The truth is, writers, that the only thing most of your family and friends care about when their editing your manuscript is the instant gratification that will come when they hand the manuscript back with only good things to say. They think they will look like a hero. They just want to walk away from the experience able to say "I read it, I gave it back, I'm still happy, they're still happy and we're still friends" as if they did you any service at all; and so they lie. Simply because they care more about their own pride and feelings than your hopes, dreams and potential career, they will lie on your manuscript, they will lie to your face, they will lie to themselves and they will lie to others. They would rather stand by and watch from a distance as you crash and burn than be the one who puts themselves in the fire with you, give 100% of the corrections they see, offer 100% of their effort, and stand by you in the process of fixing and building your dream into a success. They would rather take the lazy road of instant gratification than the arduous road of labor, love, truth and compassion. They do not care about you or your ambitions; they care about themselves. That's the deep, dark, psychological fact behind all the sugar-coated cover-ups and excuses.

Having someone of this caliber edit your work would be worse than giving your manuscript to your worst enemy and watching them burn it while they talk about how terrible it is, or sending it to an unknown editor and having them just throw it away. And it's definitely worse than sending it to an editor and getting it back with a red front page and a big note that says CRAP on it. A person who will lie to your face and say only good things, just to protect themselves or "your" feelings, is an adversary to you and your work. They are a fair-weather ally who will not stand beside you when the storm comes, and would rather watch you drown than get their sleeves wet.

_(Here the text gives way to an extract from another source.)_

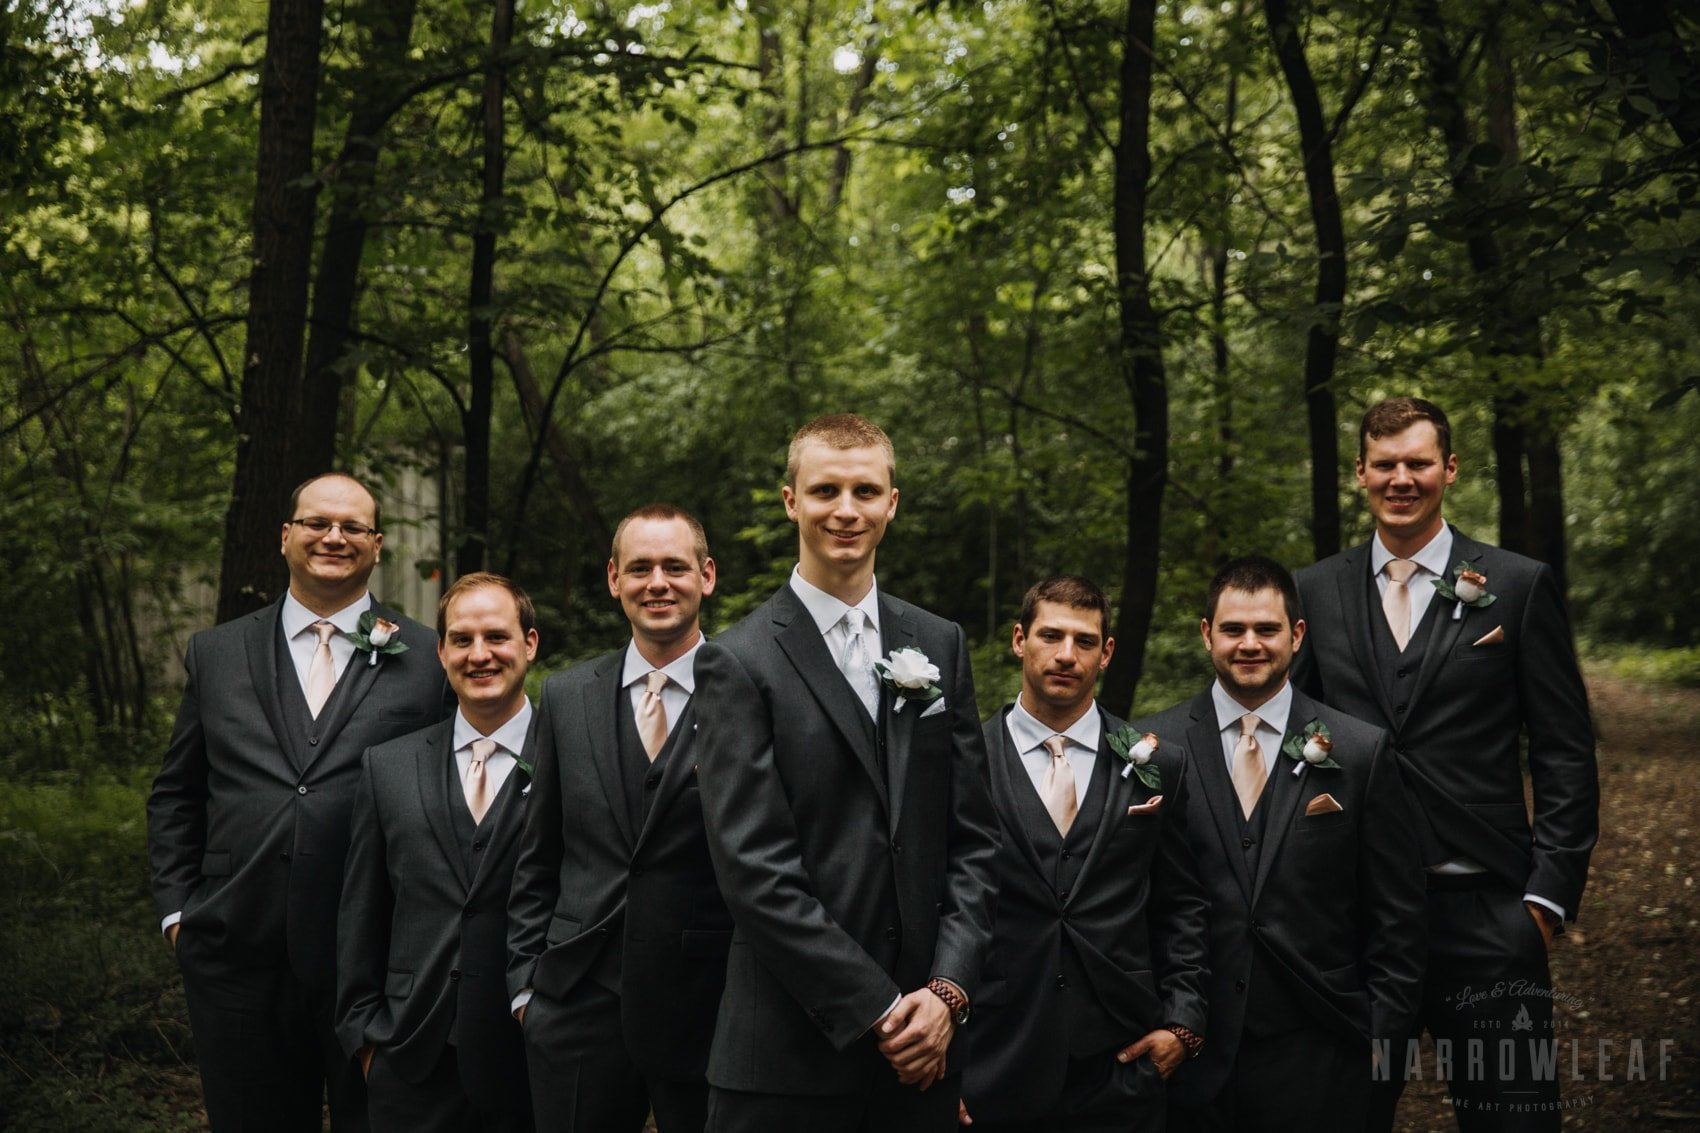 Camp-wooded-wedding-style-midwest-wi-bridal-party-304.jpg.jpg

But what about those few of your family and friends, the hard-to-find percentage who would make good editors? What are they like? How would you spot them? A good editor, or companion in any right, is one who understands this basic principle:
Sometimes a person must be broken before they can be helped. In these times to love a person is to hurt them.
A good editor recognizes that the only way to make sure your manuscript is ready for the big, bad world of marketing is to test and fashion every molecule of the work. They know things will need to be fixed, cleaned up, cut out, or even added in. They know that hurting your feelings now will save you from a broken heart later, and they are willing not only to hurt your feelings but will help mend them as well. At times they may appear brutal and heartless, but they understand that criticism without advised corrections and follow-up compliment is useless. They are brutally honest, but they are also tenderly helpful.

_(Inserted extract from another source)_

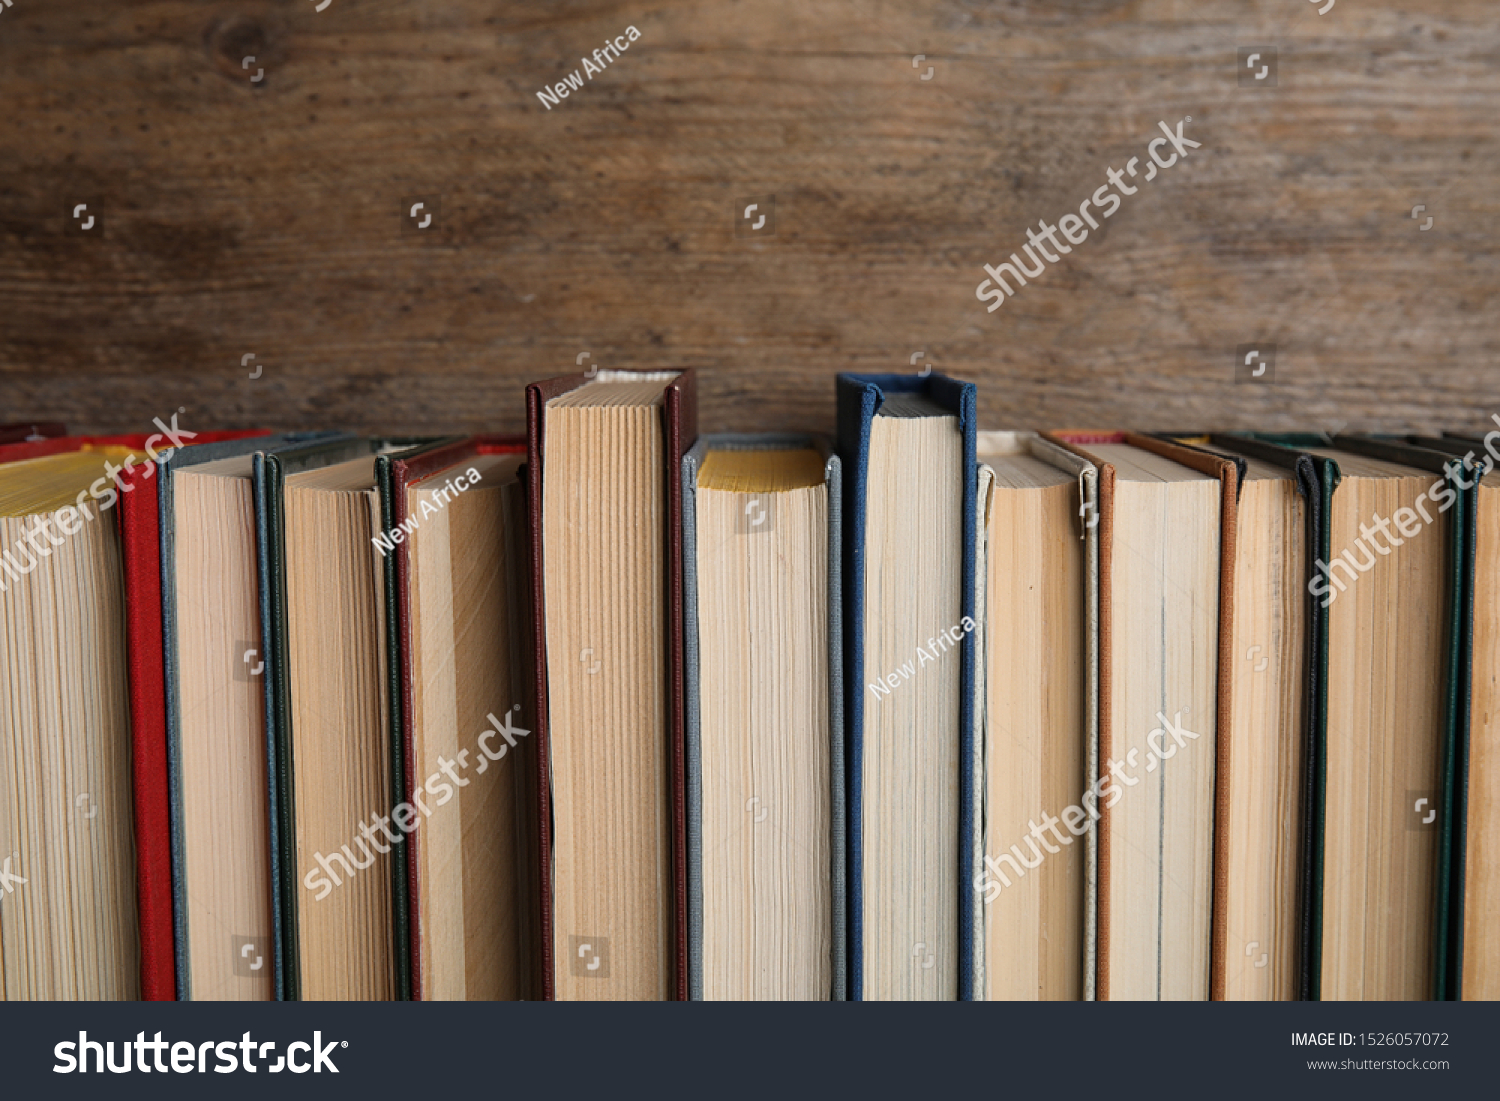 Stack of hardcover books on wooden background #1526057072

We live in such a happy-ending world that forcing someone to endure pain is looked upon as evil or cruel, but many times it is the most powerful emblem of our love. If you've ever worked on a farm or an orchard, been around an EMT, or even read a religious volume, you will understand that knowing when to hurt something is the greatest evidence of your love and best wishes for it. A wild tree must be pruned before it can bear good fruit, a broken bone must be set before it can heal, a sinner must be spiritually scoured before the agony of sin can be relieved. Often times we are our own worst enemies, and it takes an outside hand, willing to hurt us for a moment, to show us our true potential.

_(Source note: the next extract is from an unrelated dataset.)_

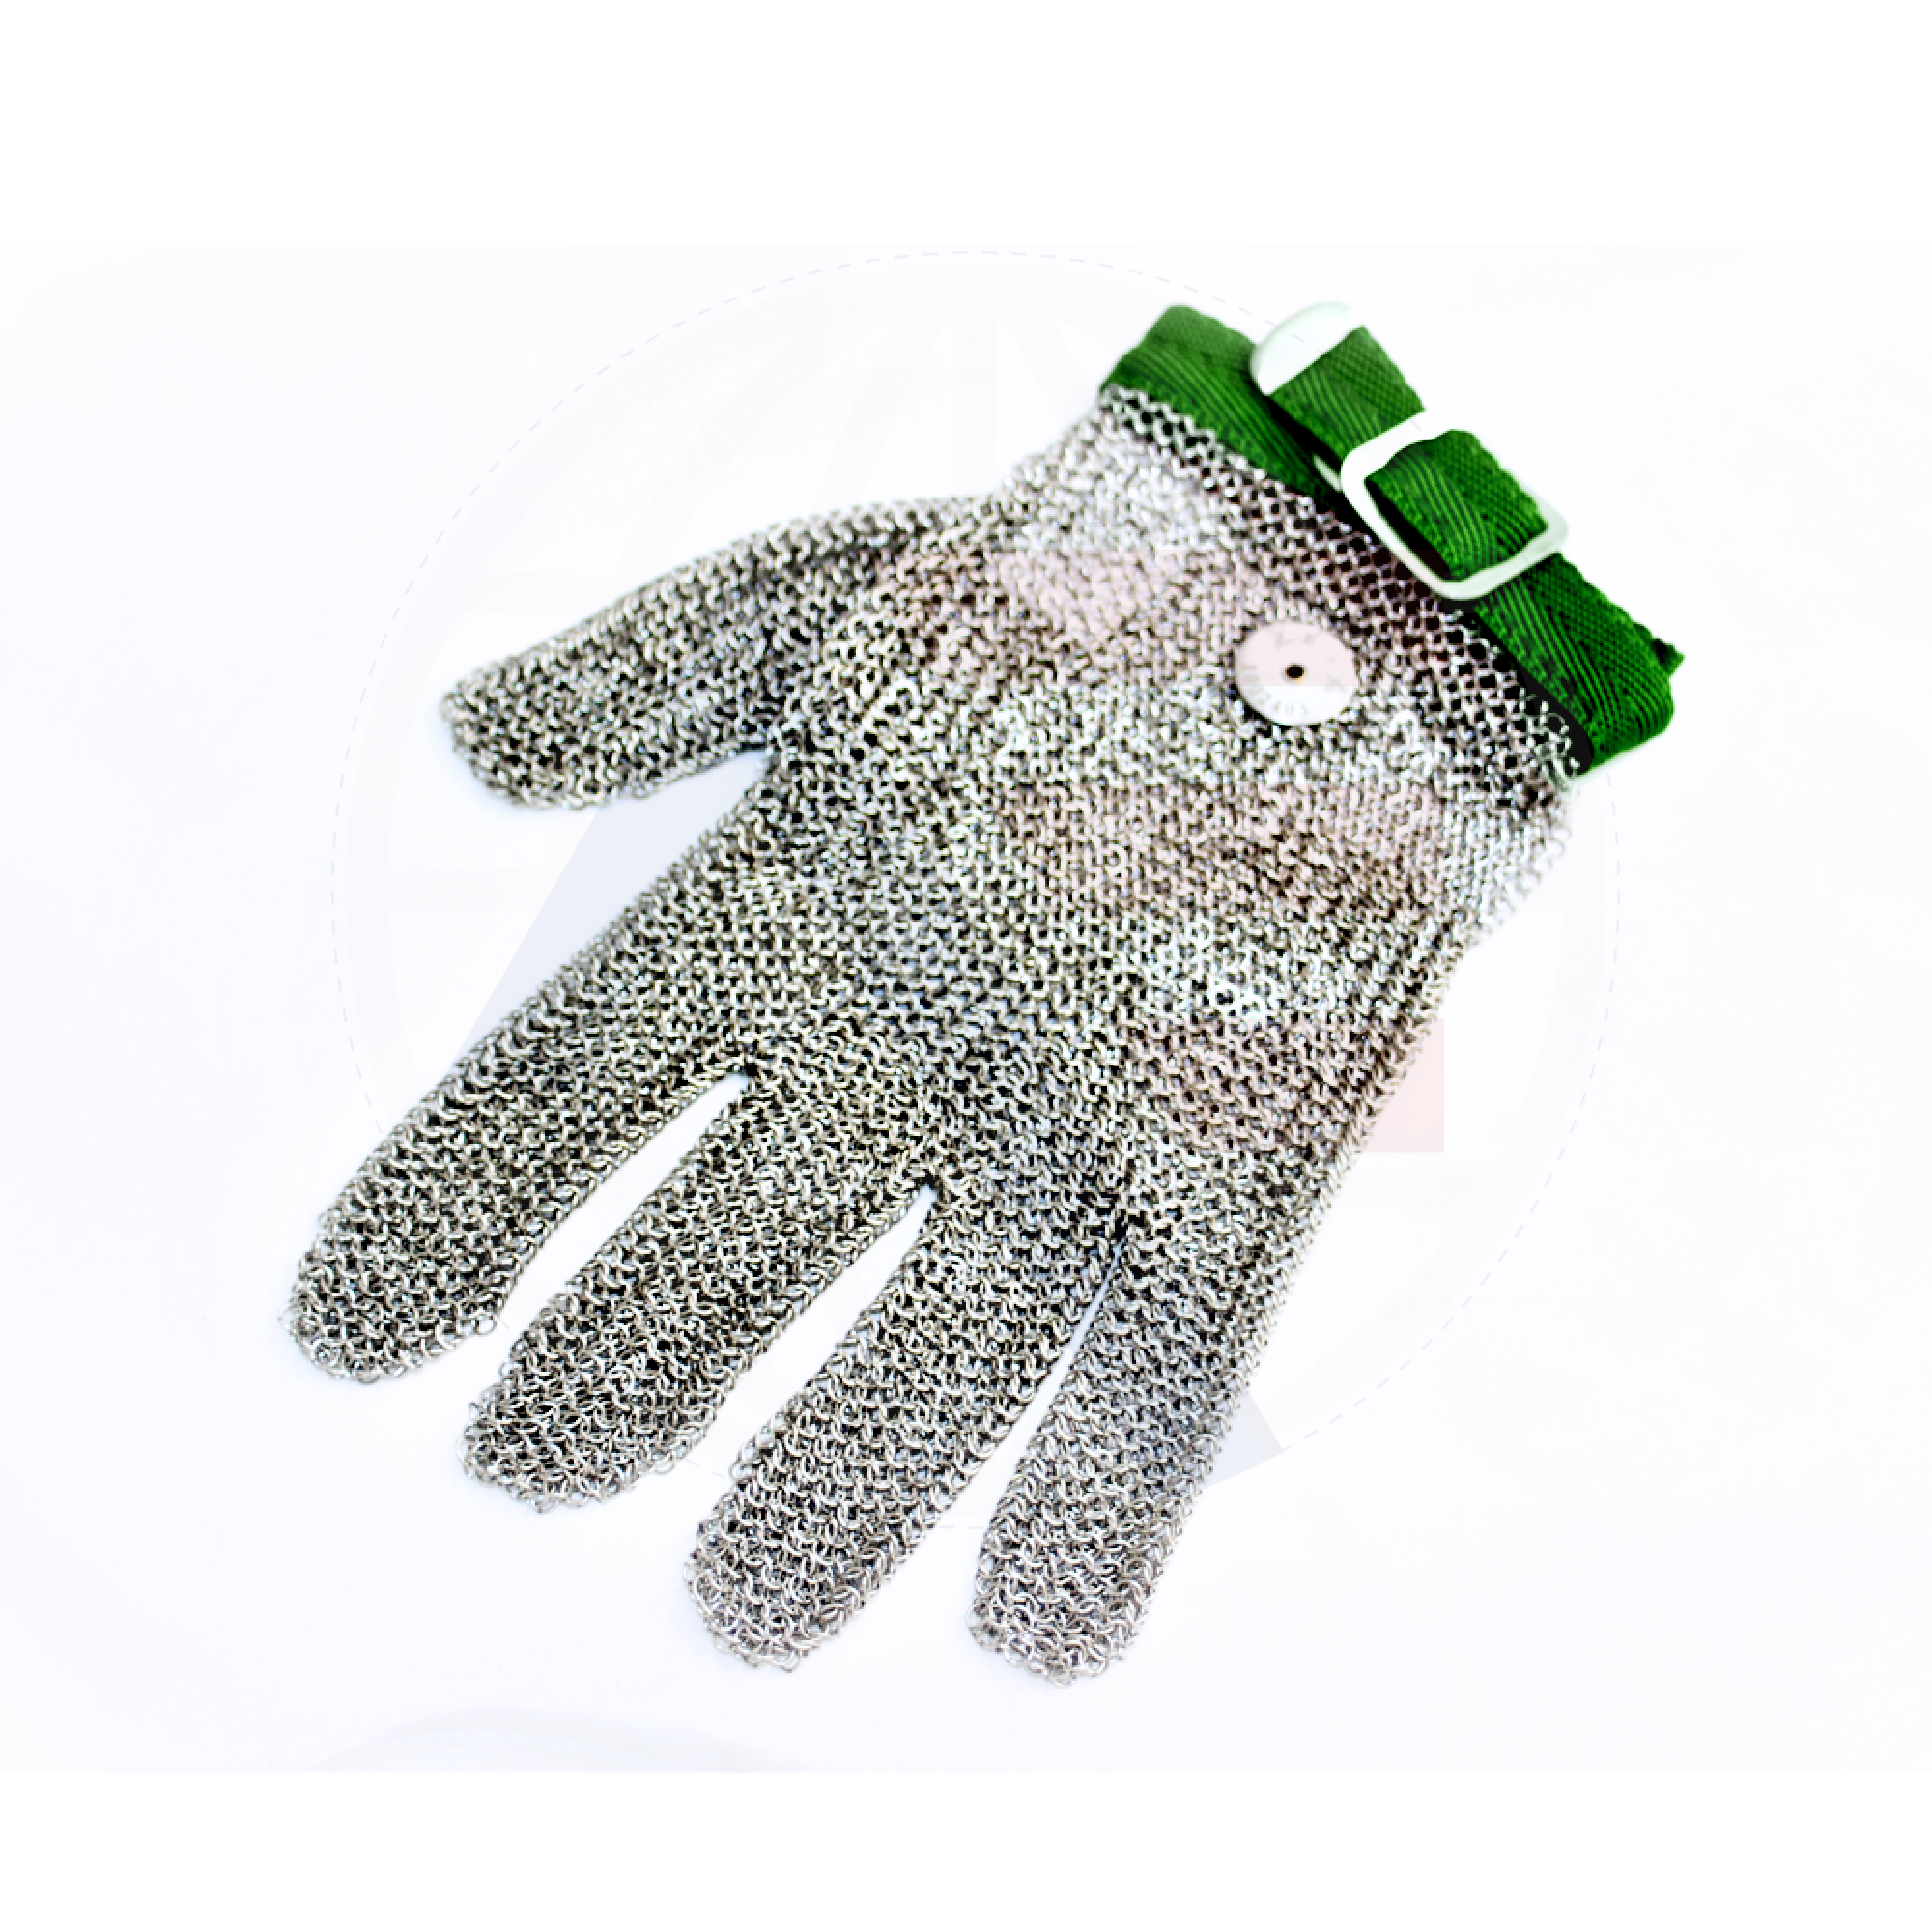 Chainmailglove Protective Safety Glove Xs

I grant that it's hard to help a person improve when their feelings are hurt, especially when you're the one who did the hurting, but that is the cost of being a friend and being a family. A true friend and real family member should understand that better than anyone else, and that's why they are so often asked for help. Unfortunately, most of them don't understand it and fail the test of love.

There is no line that breaks my heart more when talking to people than to hear them say, "I didn't want to hurt his/her feelings." After such a line I am always left thinking, "No, that's not it; you didn't want to hurt your own feelings, nor give anything of yourself." And from that moment on I know I've found one more person who cannot be fully trusted until they take time to mature.